Special Issue Information

Dear Colleagues,

The increasing prevalence of edge devices, such as wearables, cyber-physical systems, and the Internet of Things (IoT), in smart environments has catalyzed the integration of artificial intelligence (AI) directly into edge computing systems, a paradigm known as Edge AI. Edge AI marks a promising era for biomedical applications, enabling transformative innovations in sensing, computing, and security. This Special Issue emphasizes solutions that enable real-time, energy-efficient, and privacy-preserving machine learning and deep learning operations directly on edge devices, with applications including intelligent wearable sensors, implantable medical devices, clinical decision support systems, and mobile healthcare platforms.

The scope of the Special Issue spans a wide range of topics, including the following:

Advanced Sensing: The development and integration of novel biosensors and sensor fusion techniques that leverage Edge AI for precise data acquisition and analysis in real-time.

Efficient Computing: Algorithm–hardware co-design for energy-efficient AI inference, optimized machine learning models for edge devices, and low-power biomedical signal and image processing.

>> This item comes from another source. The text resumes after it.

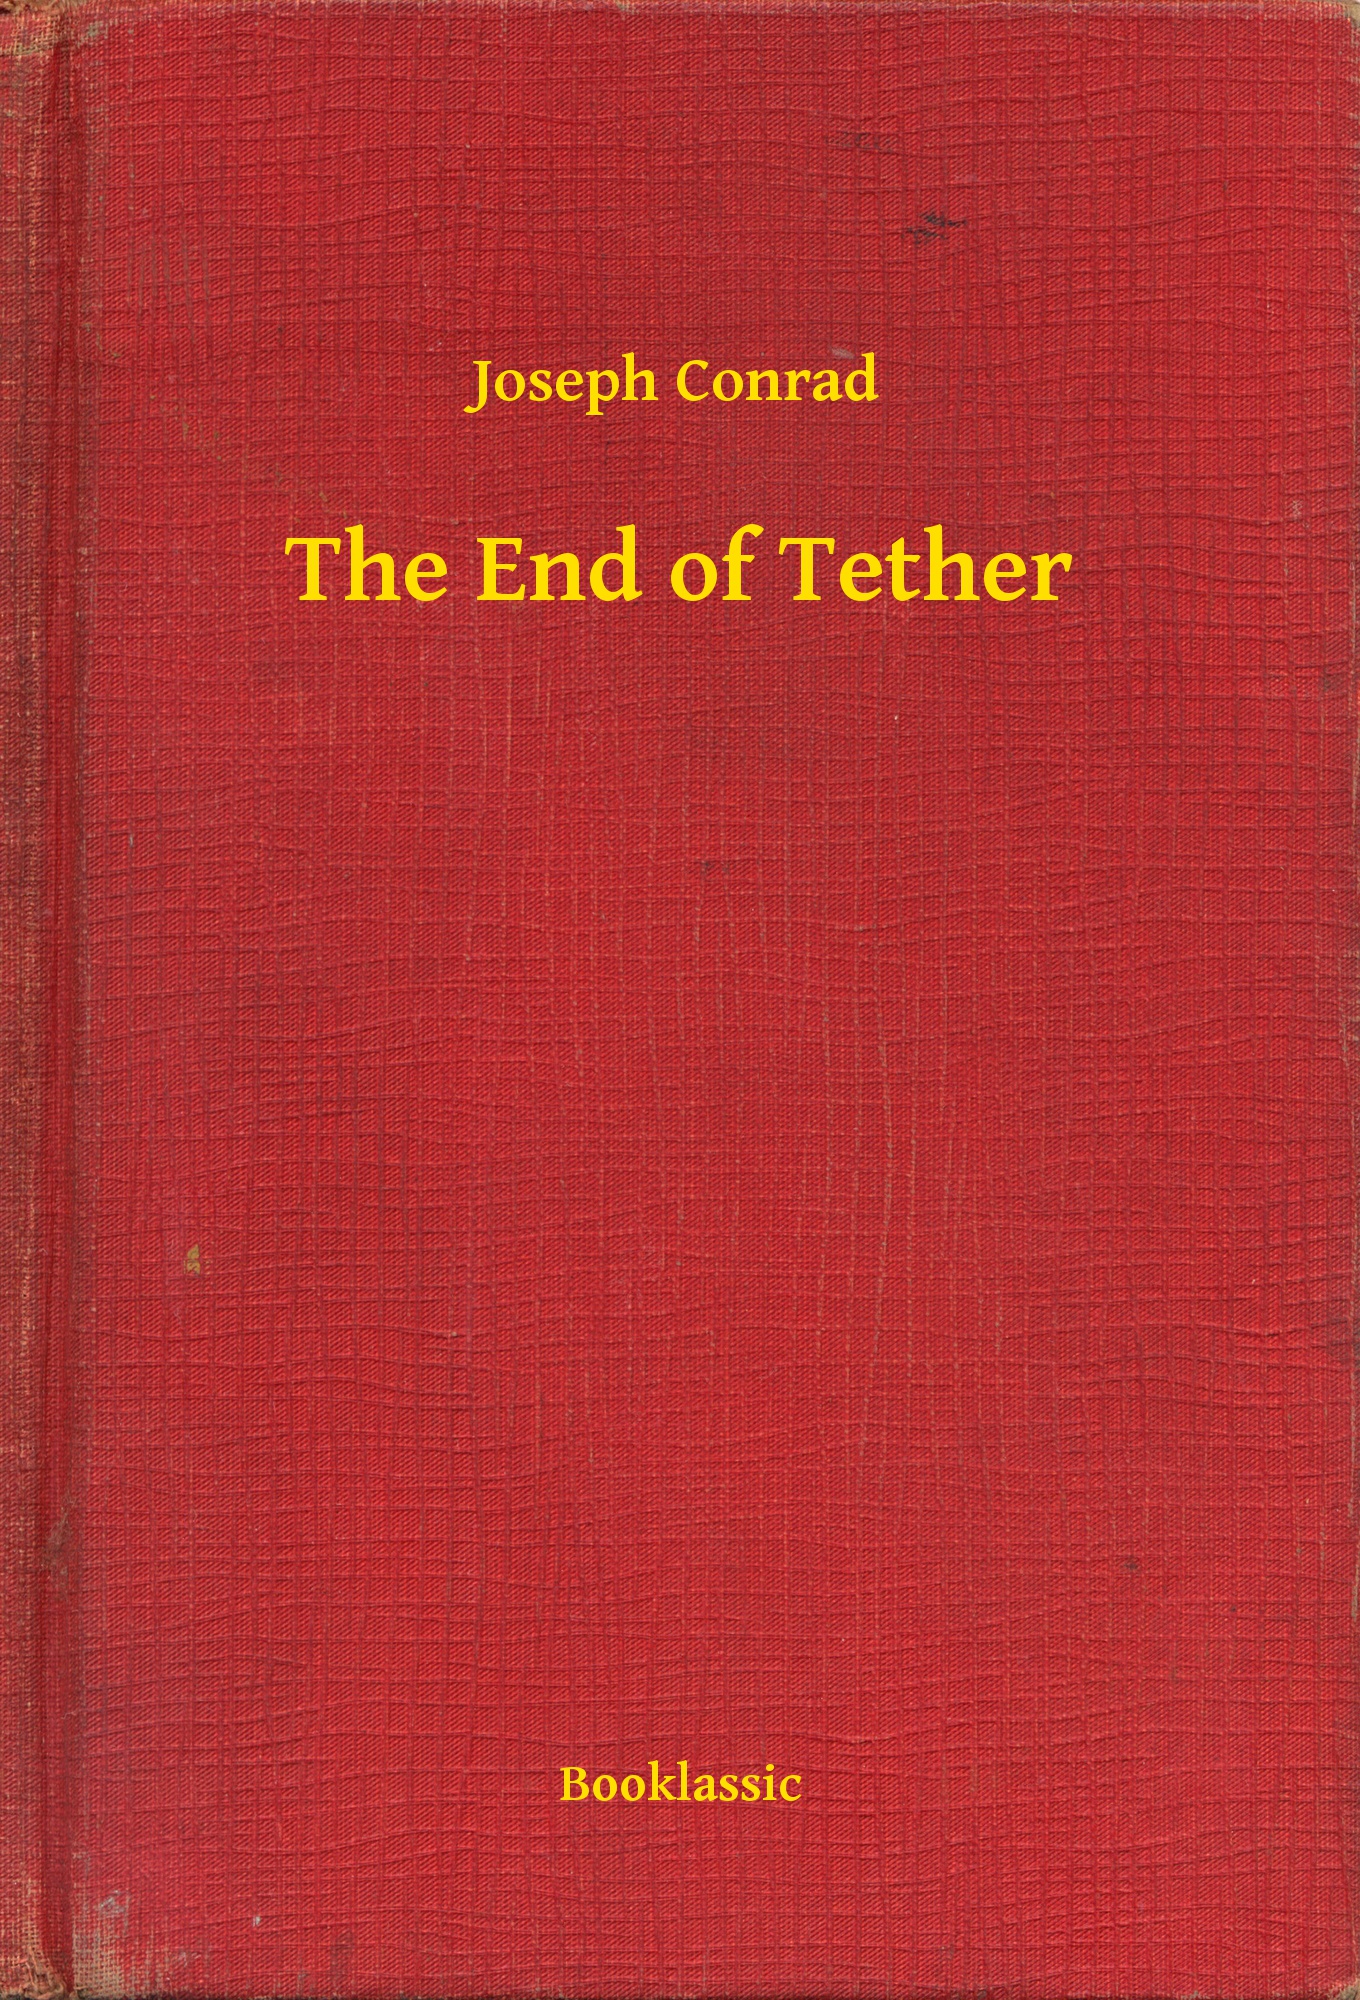 The End of Tether

Robust Security: Ensuring data integrity and privacy in edge-based biomedical systems, with a focus on secure data transmission, federated learning, and adversarial robustness.

Applications: The deployment of Edge AI in diverse biomedical applications such as remote patient monitoring, wearable health diagnostics, neuroprosthetics, and personalized healthcare.

This Special Issue aims to bring together a collection of original research and review papers showcasing the unique constraints and opportunities of edge computing and AI in healthcare, such as latency-sensitive decision-making, resource-constrained environments, and enhanced data security, while addressing the gap between centralized AI methodologies and the emerging need for decentralized, edge-based systems tailored for biomedical applications.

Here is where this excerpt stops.